However problems soon emerged between the supporters of a steady progression of powers advocated by Naoyoshi, and those who wanted a rapid expansion in power, who soon rallied around the figure of Kōno Moronao (高師直 – unknown – 1351), Takauji`s chief strategist (or Shitsuji, 執事). In 1350 (the first year of Kannō 観応) armed conflict broke out between both sides, the effects of which led to incidents of rebellion in various parts of the country (a period known as the disturbances of Kannō, or 観応の擾乱). Even after the death of Naoyoshi the conflict continued, leading to the bizarre situation in which the forces of Takauji, those belonging to the former Naoyoshi faction, and those belonging to the Southern Court formed and broke alliances with one another over a ten year period.(118)

In the midst of these disturbances, major changes were occurring within society. While the laws and regulations of warrior society continued, gradually society itself became divided into independent warrior houses and those aligned with more powerful institutions (known as the Tandoku Sōzoku system, or 単独相続). It in turn led to the beginning of the breakdown in the Sōryō (or estate) system. The relationship between the main branch and affiliated branches of warrior families, which had previously belonged to the same entity, began to grow more independent of one another. At a more local level, while the eldest son of a warrior family inherited all of the lands belonging to his family, his siblings, instead of forming their own branch of the family, now acted in support of their elder brother. These changes led to divisions and conflict within warrior families. At the same time, those families aligned with the Southern Court continued to spread rebellion across the country. The changes in turn led groups of rural samurai, who were previously joined by blood relations, to emphasize regional ties instead. Villages in the provinces also began to form themselves into organized collectives in order to resist warrior rule.(118)

The chaos of the Nanbokuchō period was progressively lessened by the succession to the Shōgunate of Takauji`s grandson, Ashikaga Yoshimitsu (足利義満), who was finally able to stabilize the rule of the Ashikaga.

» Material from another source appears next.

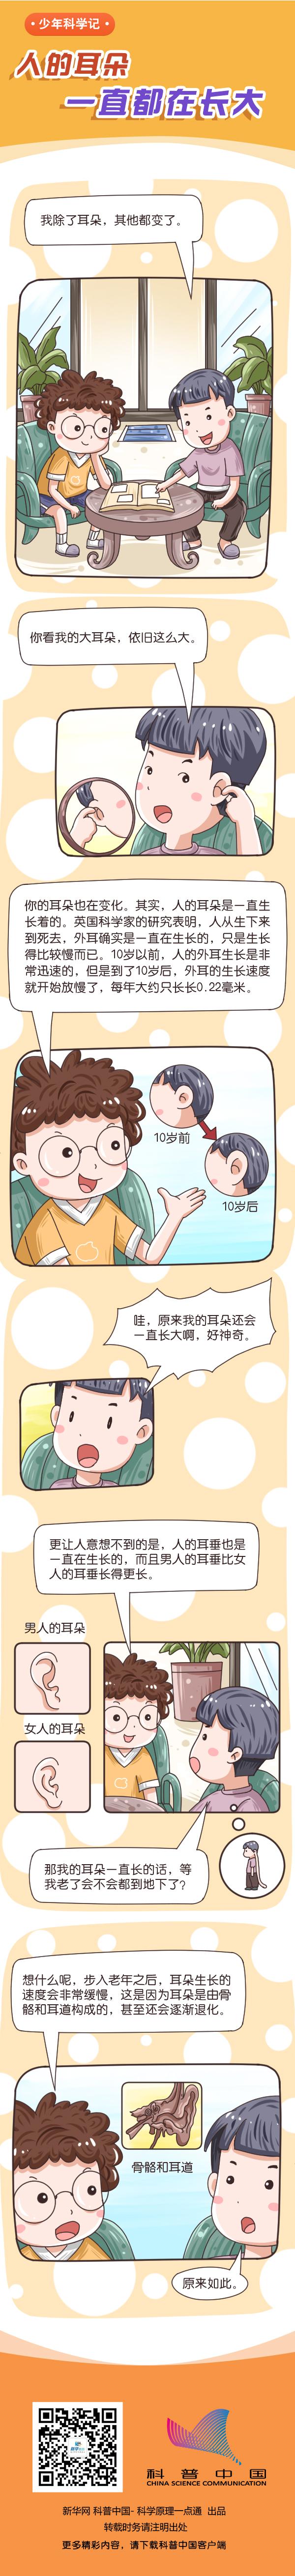 人的耳朵一直都在长大

In 1392 (or the 3rd year of Meitoku 明徳), negotiations with the Southern Court led to a merger between the Southern and Northern Courts, thus bringing the warfare that had plagued government to an end. Not only this, Yoshimitsu also brought the administrative powers of the city of Kyoto, itself the centre of commercial activity in the nation, under the Shōgunate while also establishing the right of the Shōgun to collect taxes from the provinces. He managed all this while also helping to preserve those powers still possessed by the Imperial court. Yoshimitsu thus successfully established a unified, nation-wide authority under the name of the Shōgunate,(118-119)

In 1378 (the 4th year of Eiwa, or 永和) Yoshimitsu had a grant residence built in the district of Kyoto known as Muromachi (the building itself was known as the Hana no Gosho, or 花の御所) from which he could exercise his authority. This was the origin of what became known as the Muromachi Bakufu (or Shōgunate). Yoshimitsu was the first Shōgun to be promoted to the position of Dasei Daijin (太政大臣), itself an imperial post, and after taking the tonsure and becoming a priest was able to wield considerable power between both the Shōgunate and Court alike.(119)

The administrative apparatus of the Ashikaga Bakufu also underwent changes during this period. The position of Kanrei (管領), which was essentially that of an advisor to the Shōgun, became central within the Muromachi government. At the same time, the posts of Samurai-dokoro and Mandokoro (侍所・政所) became the focal point of bureaucracy, dispatching the orders of the Shōgun to Shugo (守護, or regional governors) living in the provinces. The office of Kanrei was meanwhile shared between three prominent Shugo houses, the Hosokawa (細川), the Shiba (斯波), and the Hatakeyama (畠山), an arrangement that became known as the Sankanrei (三管領). The post of Chōkan (長官, also known as Shoshi, or 所司) which oversaw the Samurai-dokoro, which itself was responsible for the security of the capital and for prosecuting legal cases, was alternatively held by one of four different families – the Akamatsu (赤松), the Isshiki (一色), the Yamana (山名), and the Kyōgoku (京極). This arrangement too was bestowed with its own name, that of Shishiki (四職), or four posts.(119)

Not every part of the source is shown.